CMS research showed that outcomes for dual eligibles were systematically worse as compared to higher-income beneficiaries who were enrolled in the same contract on 19 quality measures.
These plans would be disadvantaged when compared to their peers in terms of the number of stars received and in the area of bonuses offered to plans rated highly, at four and five stars.
Overall, however, Cavanaugh said the 2016 outlook for the program is bright with a projected 17.4 million enrollees, up by 1 million since last year, and comprising 32 percent of beneficiaries.
He said that 70 percent of beneficiaries are in four- or five-star plans.
At the same time, the Medicare Advantage and the Part D drug benefit programs are facing various challenges in advance of the 2016 contract year.
For example, as total Medicare costs per capita grew by 1 percent, Part D drug benefit costs grew by 8 percent and are forecast to grow by 15 percent next year, he said. This means, Part D “is growing faster than what is sustainable,” he said.
In MA, per-capita costs are higher than what they would have been if the enrollee had remained in fee-for-service, he said. A challenge is to “restore some balance” between MA and fee-for-service, he said.
Also upcoming are considerations on the role of MA in delivery system reform, he said.
The Department of Health and Human Services in January announced a timeline to move the Medicare program toward paying providers based on the quality, rather than the quantity, of care.
The HHS set a goal of tying 30 percent of fee-for-service payments to quality or value through alternative payment models, where the provider is responsible for the total cost of care, by the end of 2016.
The CMS needs to decide the role of MA in this goal, as it's important to have alignment across payers, Cavanaugh said.
In addition, the Medicare Access and CHIP Reauthorization Act of 2015 (MACRA), which replaced the sustainable growth rate formula with alternative payment models for physician Medicare payments, has a similar requirement.

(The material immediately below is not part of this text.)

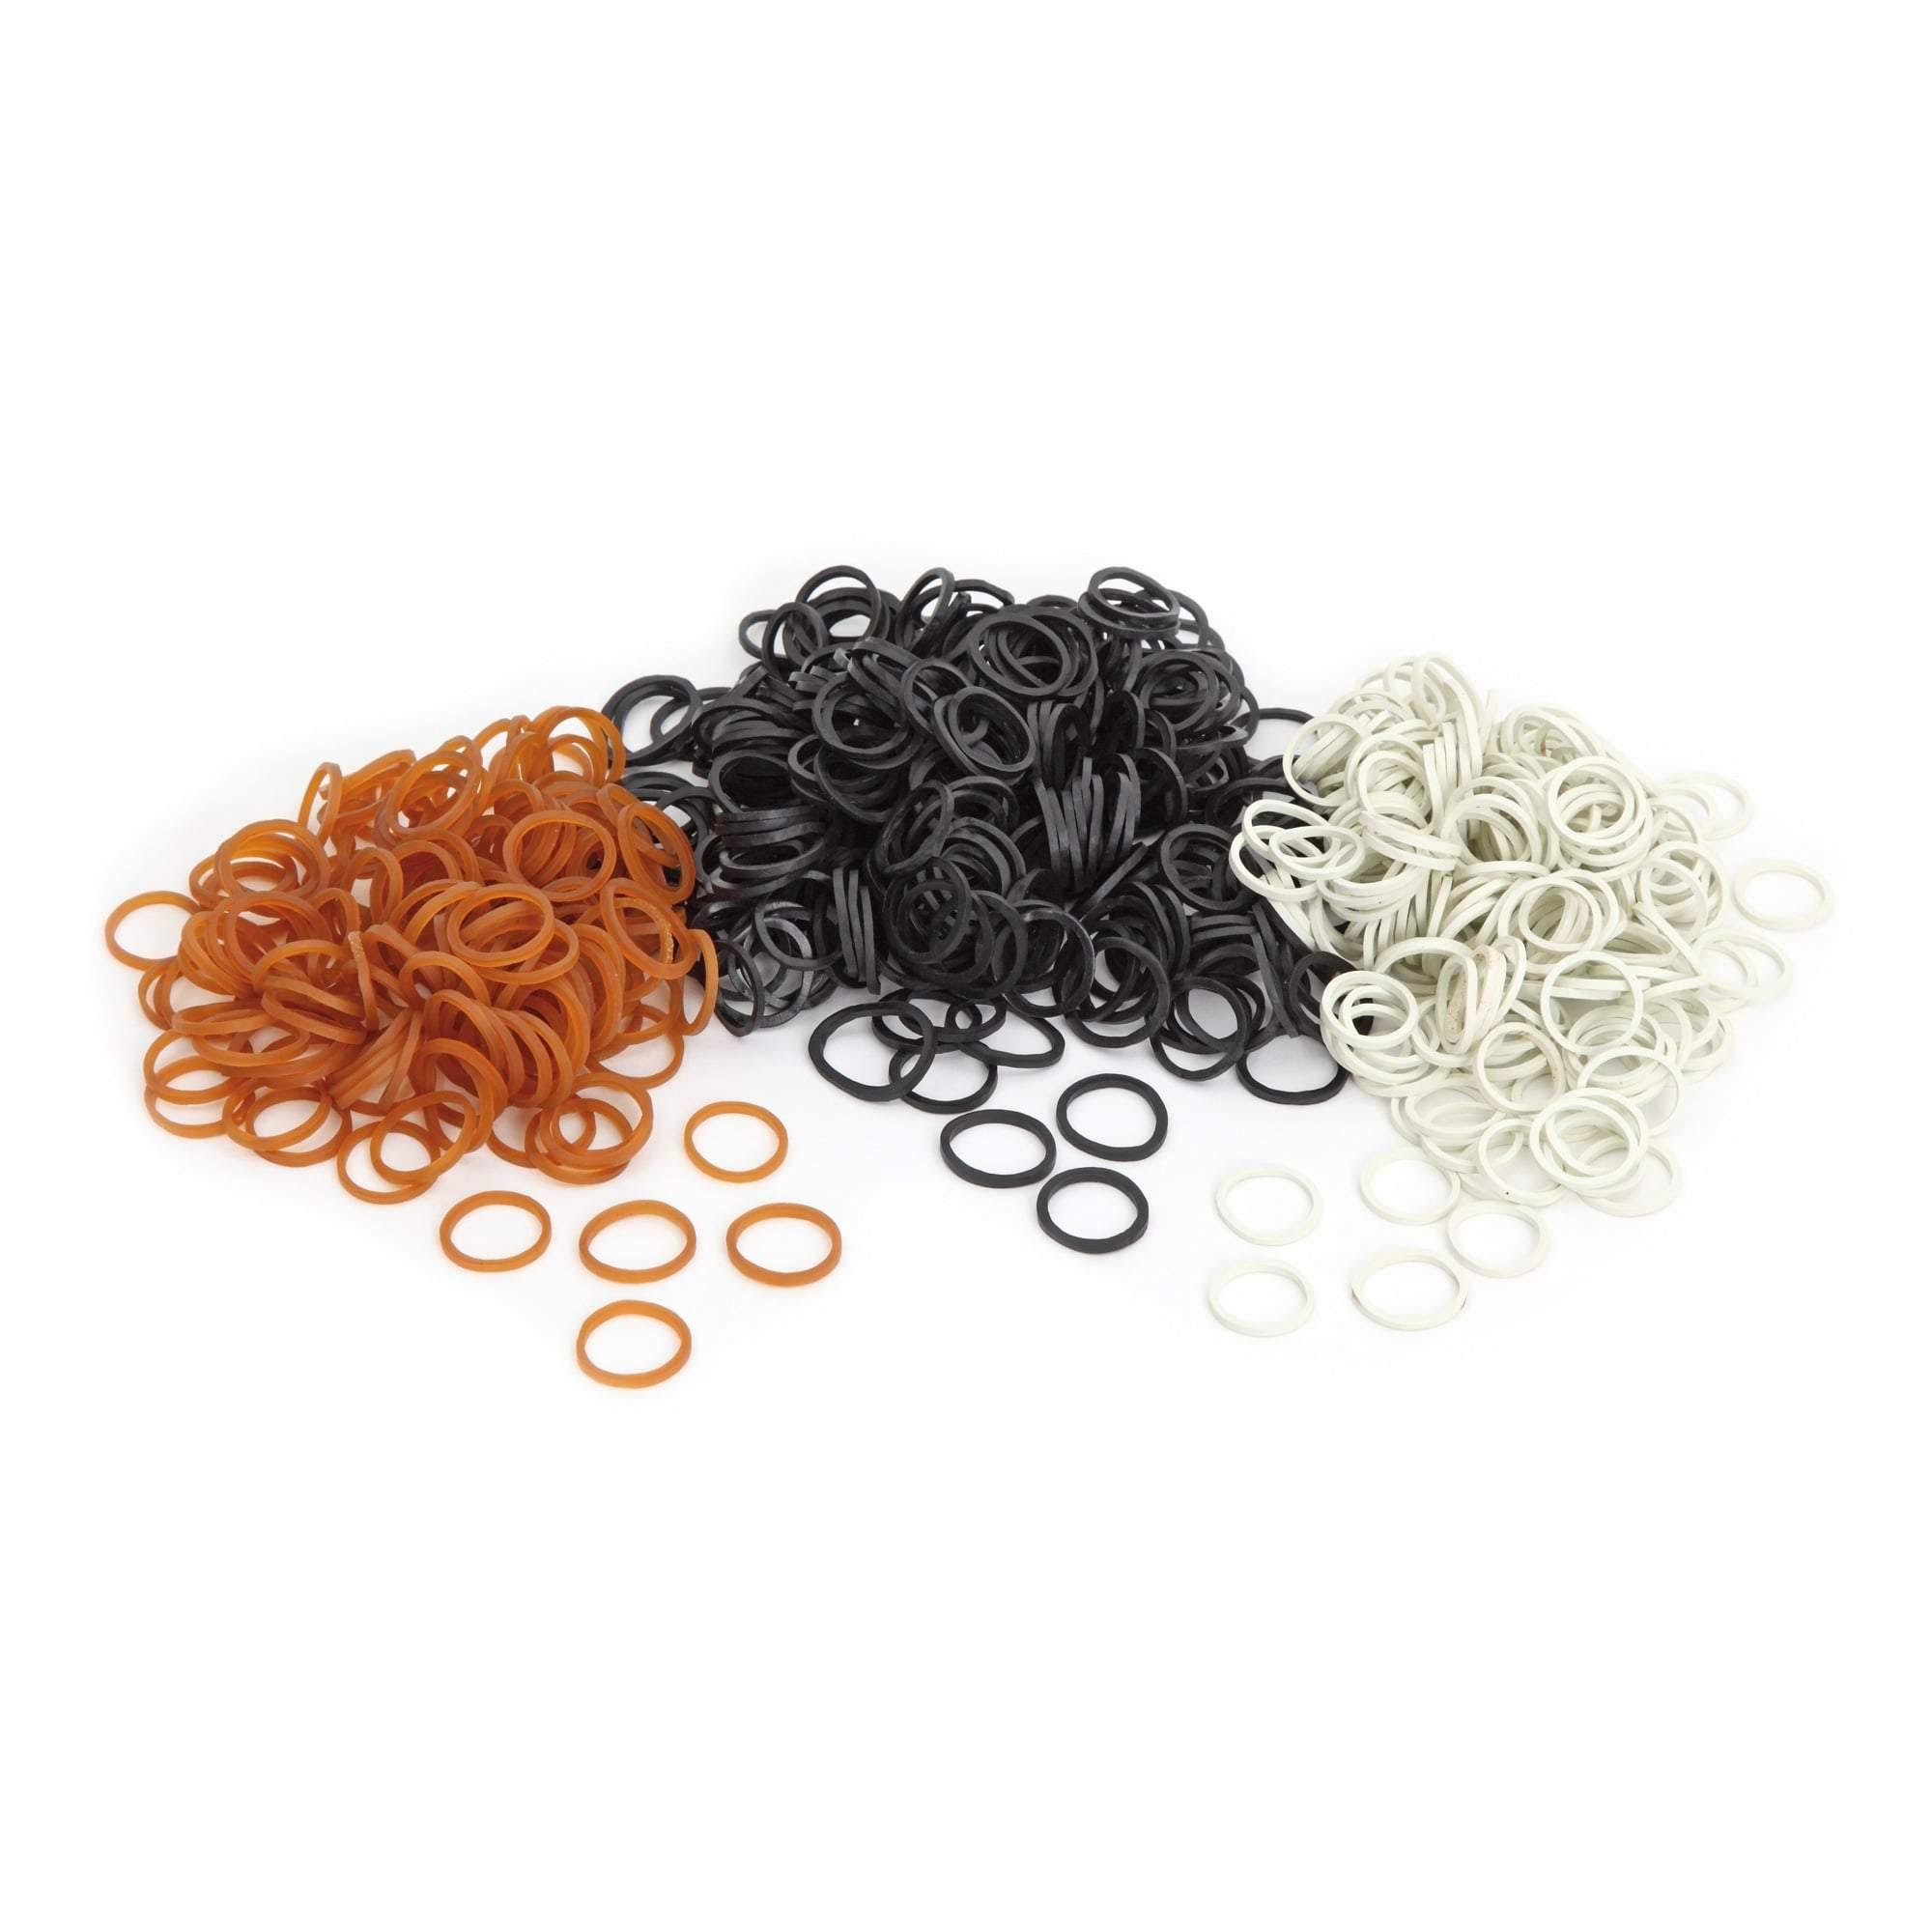 Shires Ezi Groom Silicone Plaiting Bands 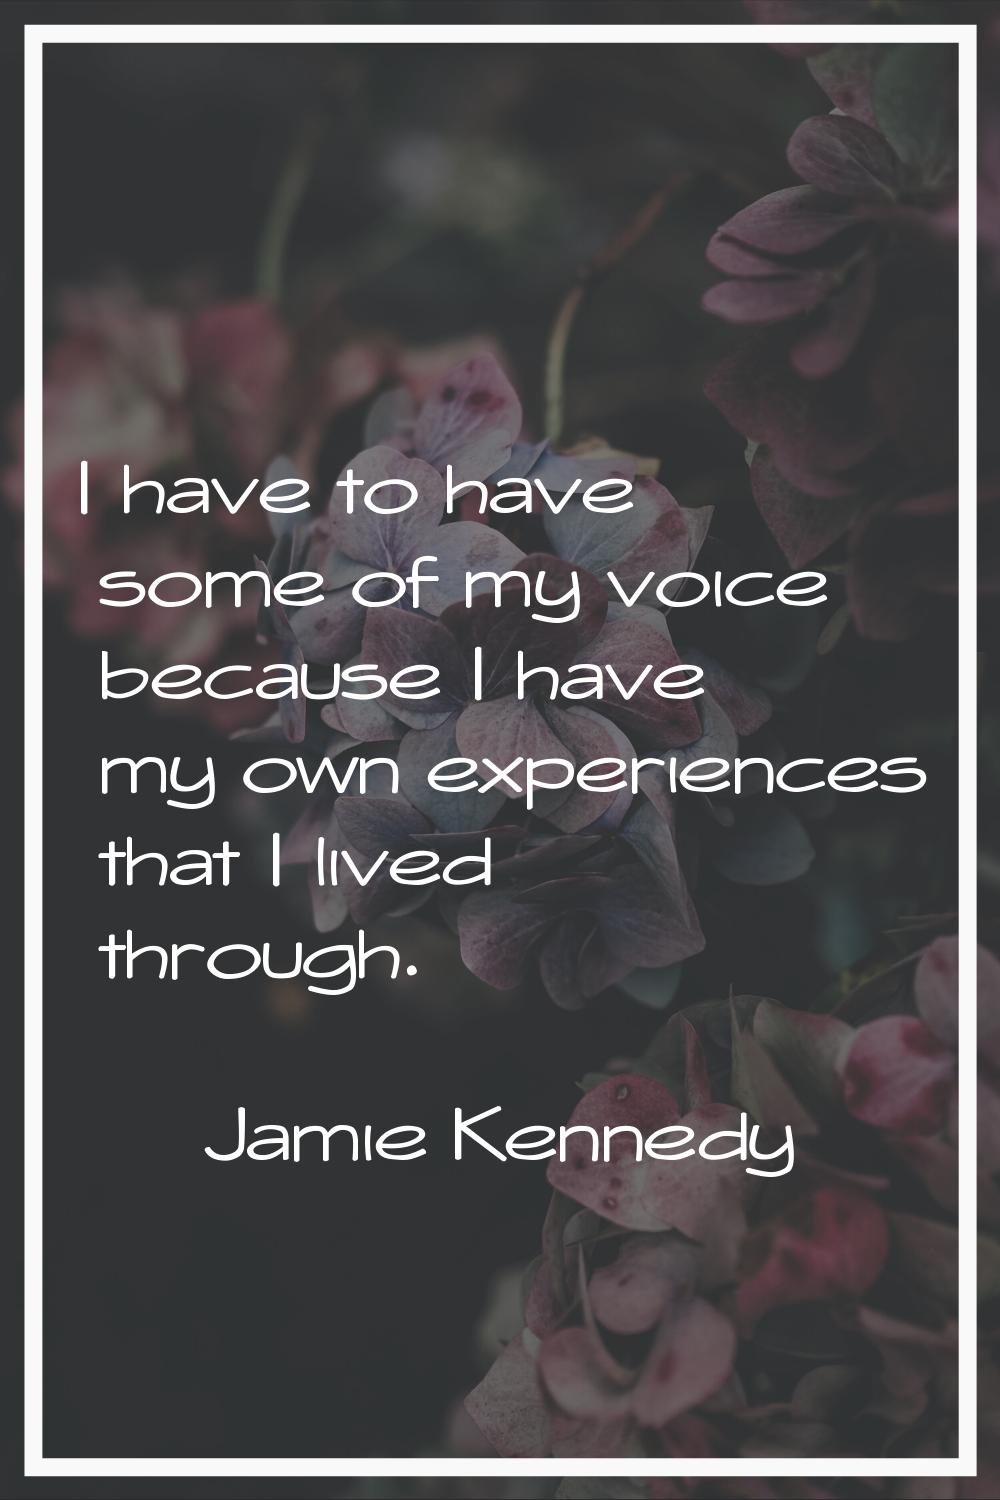 I have to have some of my voice because I have my own experiences that I lived through.

The law requires that by July 2016, the CMS report to Congress on “how we align what is happening in Medicare fee-for-service alternative payment models with what's going on in Medicare Advantage,” Cavanaugh said.
The agency will be asking for suggestions from the industry, he said.
Asked about a recent Government Accountability Office report that criticized the CMS's oversight over the adequacy of MA plan medical networks, Cavanaugh said the agency has “taken some steps internally so we can enforce our provider network adequacy rules more frequently.”
He cited the possibility of having one place in which physicians could report their status in various MA plan networks.
However, he added, “when you consider the number of plans, the difference in markets and the number of things a network has to be adequate for, it's remarkable how well it does work.”